Starting point is 01:19:05 It's funny because I am outspoken about the science of sex and gender. However, I think I'm a little nervous about writing a book like that because I want not to be nervous at all because I think so many people feel justified, and maybe this is exactly why I have to write it, that so many people feel justified in kind of stigmatizing male sexuality, and that's so deeply ingrained. And I think I'm afraid, a little bit afraid,
Starting point is 01:19:39 which is weird, because I'm usually not at all. But that makes sense. But now that I'm saying this out loud, maybe this means that I absolutely have to write that book. I think the reason that you're concerned, it is a guide toward the fact that this is something which other people are also going to be scared about. The fact that other people are going to be scared
Starting point is 01:19:55 makes it less likely that it's going to be written. The fact that I, from what I know about the changes you've made at Harvard over the last few years, it seems like, I don't know. Here's something I was thinking about, I was listening to you talk earlier on. I don't think that the academy can continue running around with its hands over its eyes for that much longer.
Starting point is 01:20:25 And I think that there's going to be opportunities for people like Richard, like yourself to come out and really, really push a great positive message. And I think that at the end of the day, the free market's going to win with stuff like this. Like if you write an absolute storming book, let no one could read Richard's stuff,
Starting point is 01:20:43 no one could read of boys and men and go, this is a guy trying to take away women's rights for themselves. So yeah, it's going to have to be some caveats and yeah, you're going to have to be more hyperbolic and a little bit more like wordy than you need to, in order to be able to finagle yourself. But I think that it would be a very valuable book. And what's the point of spending all of this time learning all of this shit about the way that testosterone affects people and the upbringing and going and spending time in Africa and going and spending time watching fucking deer,
Starting point is 01:21:11 fighting each other every other season? Like, you're the person. You're the person to write the book. As far as I can see, you're the person to write the book. It's like, maybe this is one of the wars that you've got, maybe this is one of the hills that you've got to stand on. And there'll be a lot of people that would be here. I'll support you, Joel support you, Richard will support you.
Starting point is 01:21:28 Tons of people, will. I can't just please don't, I don't want to be on there crying. That's okay.
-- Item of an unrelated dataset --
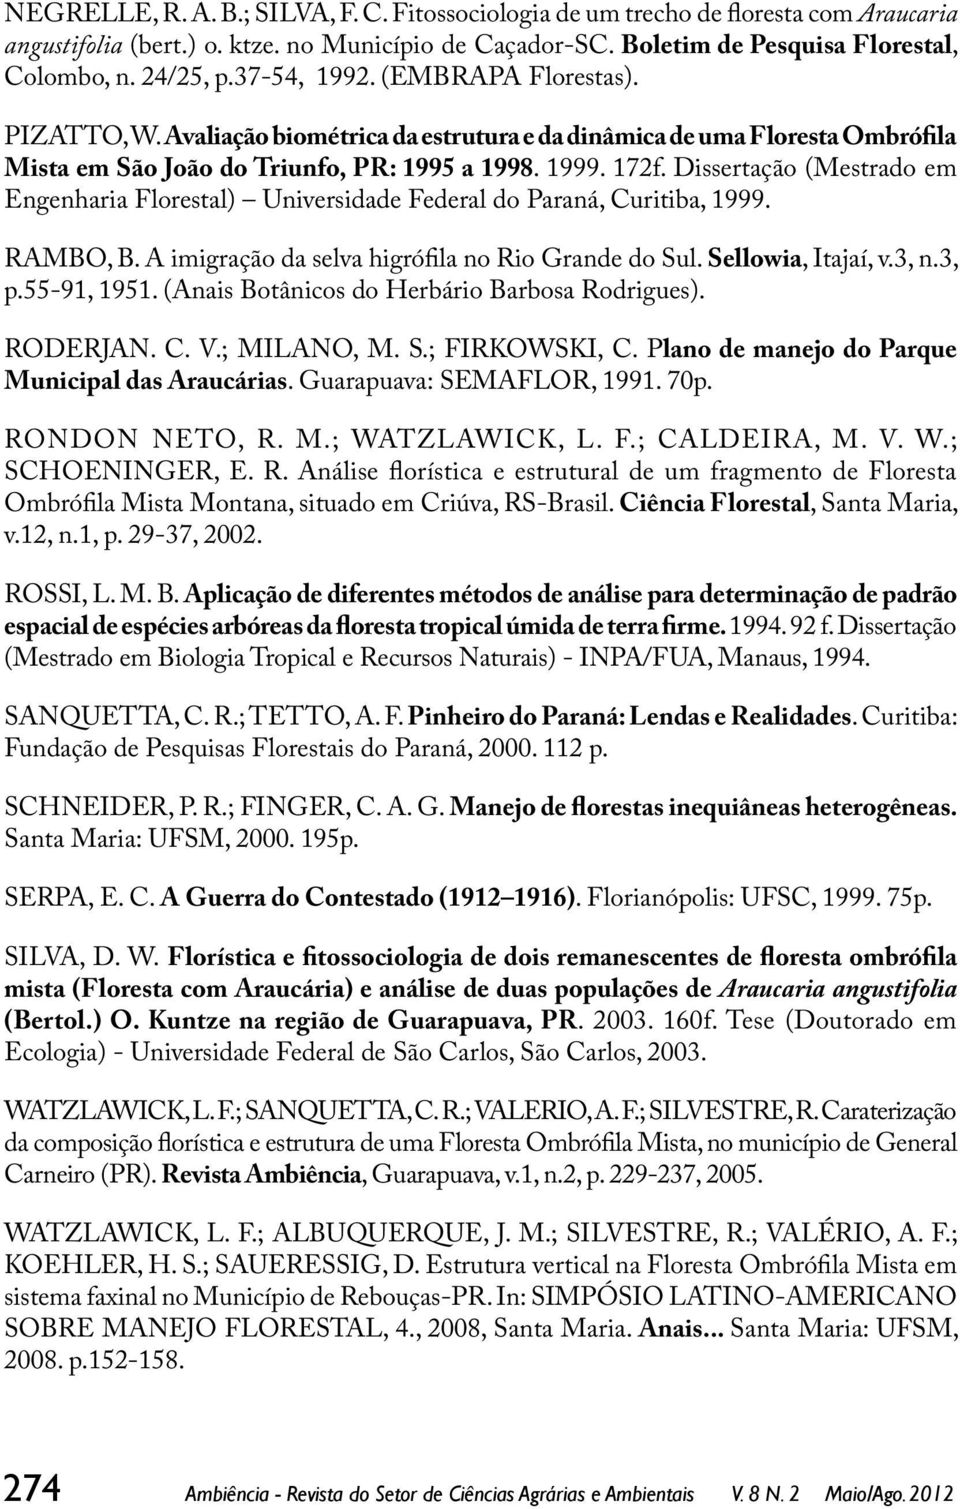 Dissertação (Mestrado em Engenharia Florestal) Universidade Federal do Paraná, Curitiba, 1999. RAMBO, B. A imigração da selva higrófila no Rio Grande do Sul. Sellowia, Itajaí, v.3, n.3, p.55-91, 1951.

I'll Dean, Dean, make sure that the screen goes dark for a little bit on this. No, seriously, I really appreciate this. And you're helping me just talking to you about it It's sort of convincing me this is actually what I should do and I've been dragging my feet put in the proposal together But it seems clear Let's let's let's leave it there Carol. I appreciate the hell out of you. I really appreciate your work I think you're incredibly charming
Starting point is 01:22:02 Thank you for coming on. Thank you so much.